Crude oil exports is major source of foreign exchange earnings and revenue for the Nigerian economy, thus a slump in global market prices has depleted the revenue of the government and Nigeria being a highly import dependent country has seen high pressure imposed on the Naira. The CBN has moved to strengthen the Naira by restricting access to forex for the importation of certain goods and pegging the Naira at N197 to a Dollar. This situation has led to calls for the government to look inward for solutions. Recently some senators and other individuals have also called on Nigerians to patronise made in Nigeria products to reduce our dependence on importation, hence reducing the pressure on the Naira and the foreign reserves.
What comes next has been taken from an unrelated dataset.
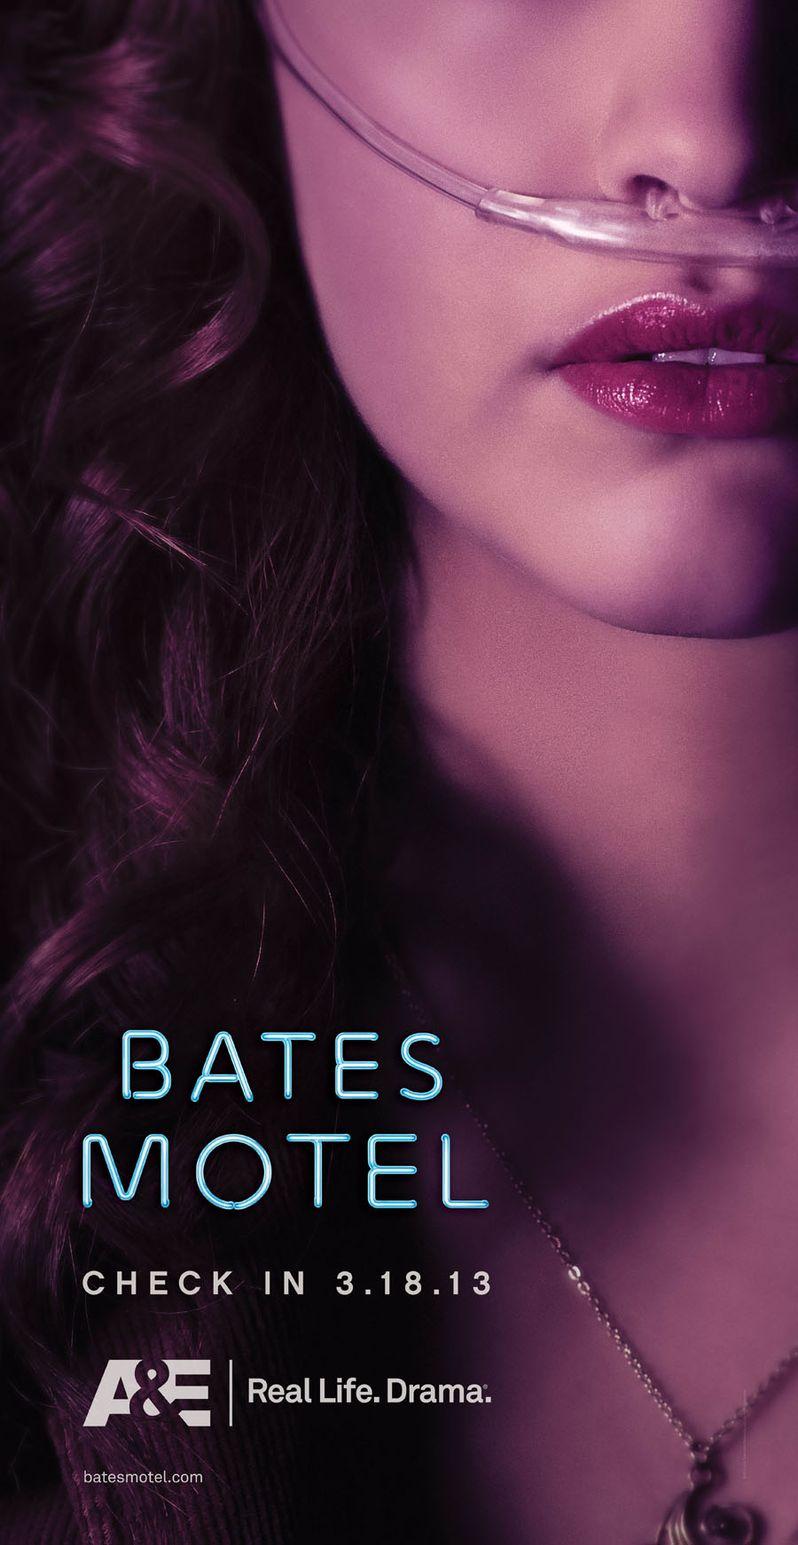 <strong><em>Bates Motel</em></strong> Promo Art 5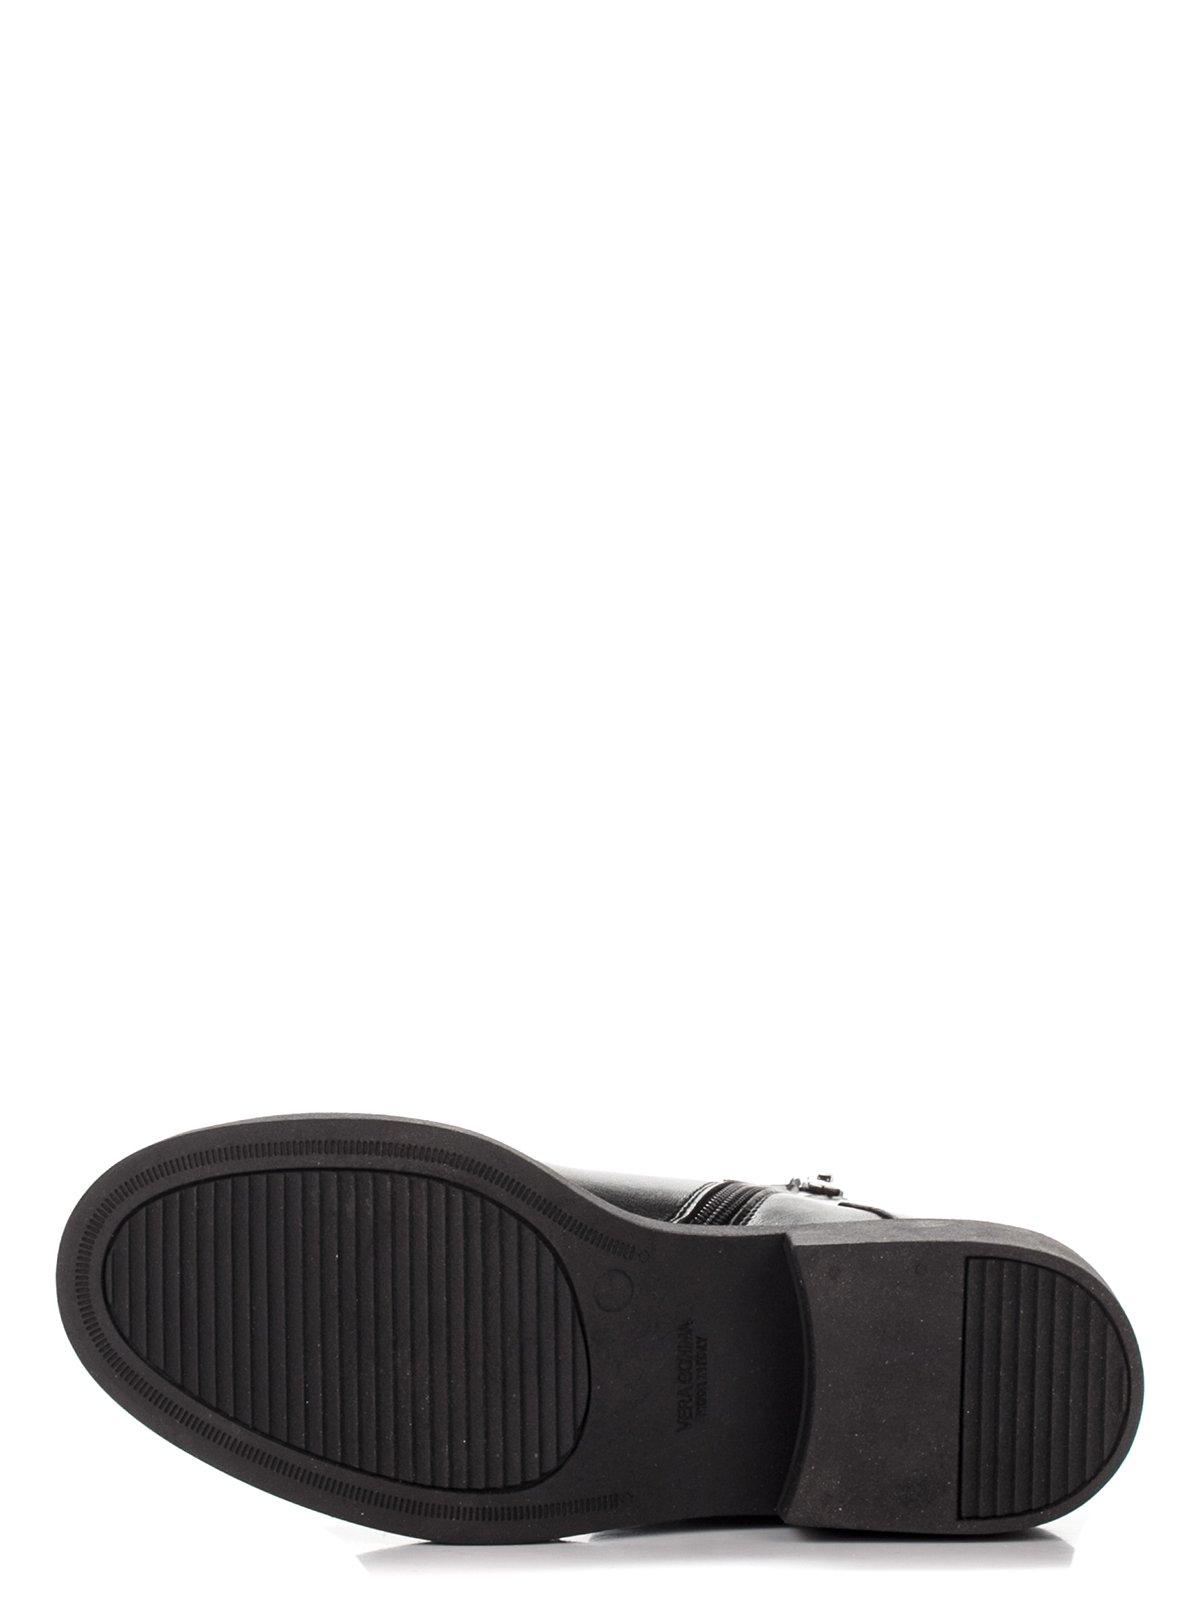 Ботинки черные | 3675915 | фото 5

However, what most people have failed to talk about is how investment in tourism can actually be a potential foreign exchange earner for the Nigerian economy alongside the multiplier effects of employment creation both directly and indirectly. The Nigerian tourism sector is a sector with highly untapped economic potential.
In 2013 according to World Bank data, India earned an estimated US$19 billion in international tourism receipts, while Mexico earned an estimated US$14 billion, South Africa US$10 billion and Morocco earned US$8 billion in international receipts compared to Nigeria’s meagre US$641 million.
Nigeria can tap into this potential goldmine by developing our tourist attraction sites like Osun Osogbo groove, Obudu mountain resort in Cross River state, Ibeno Beach in Akwa Ibom, Alok Ikom Monoliths et al into excellent sites as well as developing the requisite infrastructures like roads, electricity, transportation and most importantly security.
The sector would not only increase the much needed foreign exchange earnings, it would also have a multiplier effect of job creation (both direct and indirect) and boosting economic activities especially the activities of hotel owners and the consumer sector.